Saliva has no properties to make it qualify as an effective lube. It loses its slipperiness faster and dries up in a matter of seconds.
Professionally produced lubricants, however, are perfected to match the slipperiness of the natural lube your vagina secretes.
Lubrication causes a slick feel and reduces friction. Lack of lubrication can lead to tears in the genitals, which are not only irritating but could also lead to an infection.
In a Nutshell
Though many sex mates have resorted to spitting in the absence of lube, it is not the safest way to go.

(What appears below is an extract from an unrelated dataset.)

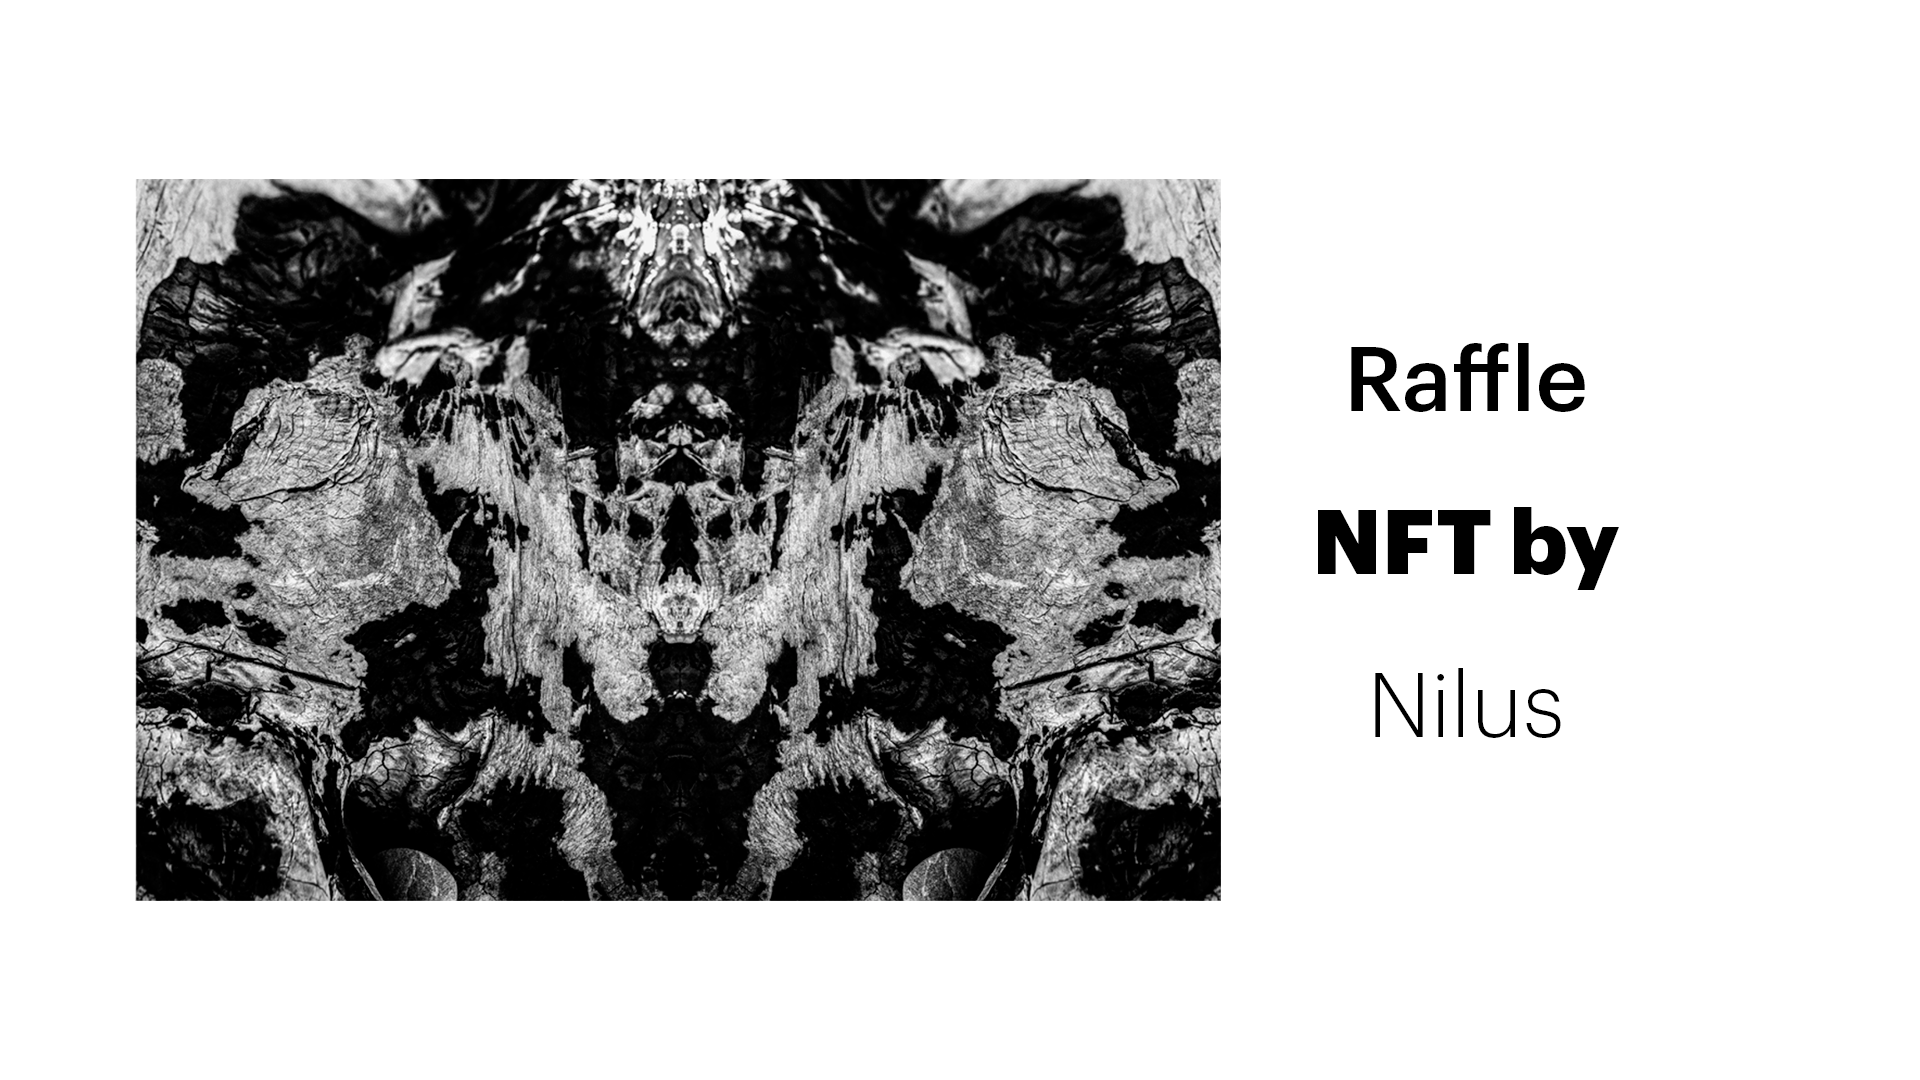 Raffle NFT by Nilus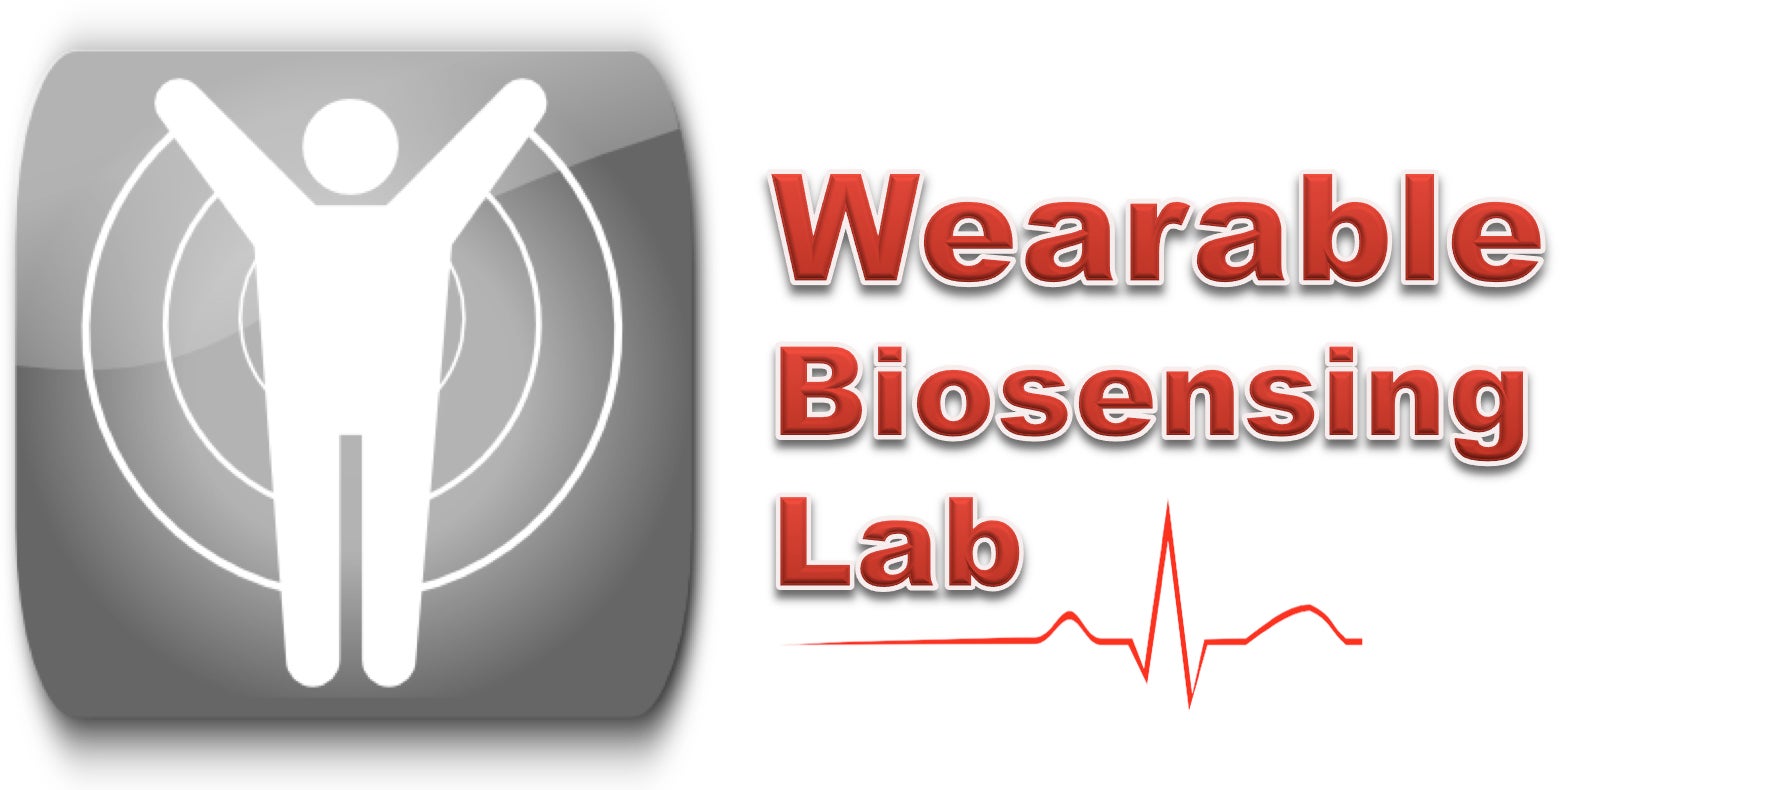 Wearable Biosensing Lab logo

For that reason, you want to shop for water-type or silicone-type lube to use when you need it.
Can One Contract STD from a Toilet Seat?
'The chances of contracting STIs from a toilet' is another controversial subject that probably everyone wants to know the underlying facts.
For those who had the most caring moms, lessons like 'don't sit comfortably on a public toilet' were everyday reminders.
But that does not mean other moms who did not warn of the danger of contracting diseases from public restrooms didn't care.
It probably didn't occur to them that this is a lesson worth teaching. Or maybe, they never saw any danger in it at all.
So are toilets this dirty? Can you contract a sexually transmitted disease if your buttocks get into contact with the toilet seat?
Well, recently, a health expert, Christine Greves of the Orlando Health Winnie Palmer Hospital for women and infants shed light on this matter.
And the facts behind it may scare you at first, but that's only before you hear the explanation behind it.
It’s Almost Impossible to Get an STD from a Washroom
FACT: You cannot contract an STI from a washroom. The chances of getting infected are very tiny that you have nothing to worry about, according to Dr. Greves.
So if you have been squatting in public washrooms then maybe it's time to get a more comfortable dunk!
So what was Dr. Greves' explanation for this?
According to her, sexually transmitted infections do not survive outside a person's body. In the simplest words, a washroom seat does not provide an ecosystem for the STD-causing viruses and bacteria to thrive.
Most of these infections die in 10 seconds after they have left the body. They are better off in the warm surroundings of the human tissue and not on a cold washroom seat.
But Dr. Greves is not a maniac who wants you to walk in for a dunk and come out with an STI.
The Center for Disease Control also agrees that since "the herpes virus doesn't survive for long outside the human body, it's almost impossible to contract the infection via washroom seats, or any other objects an infected individual uses."
And not only herpes, but the same also applies to sexually transmitted infections or the common STDs like HIV, Syphilis, and HPV.
So those who squat are not any better than those who sit. There's no risk in sitting in these washroom seats. They can only protect you from germs around an unhygienic seat but not from STIs.
If you have been keen to squat in public toilets, well and good, maybe you can't stop it.
But you should never forget to wash your hands after every trip. Use water and soap to rinse thoroughly and dry your hands with a clean towel.
Remember, the handle to your toilet door and anything you touch inside the small room could carry more germs than your seat.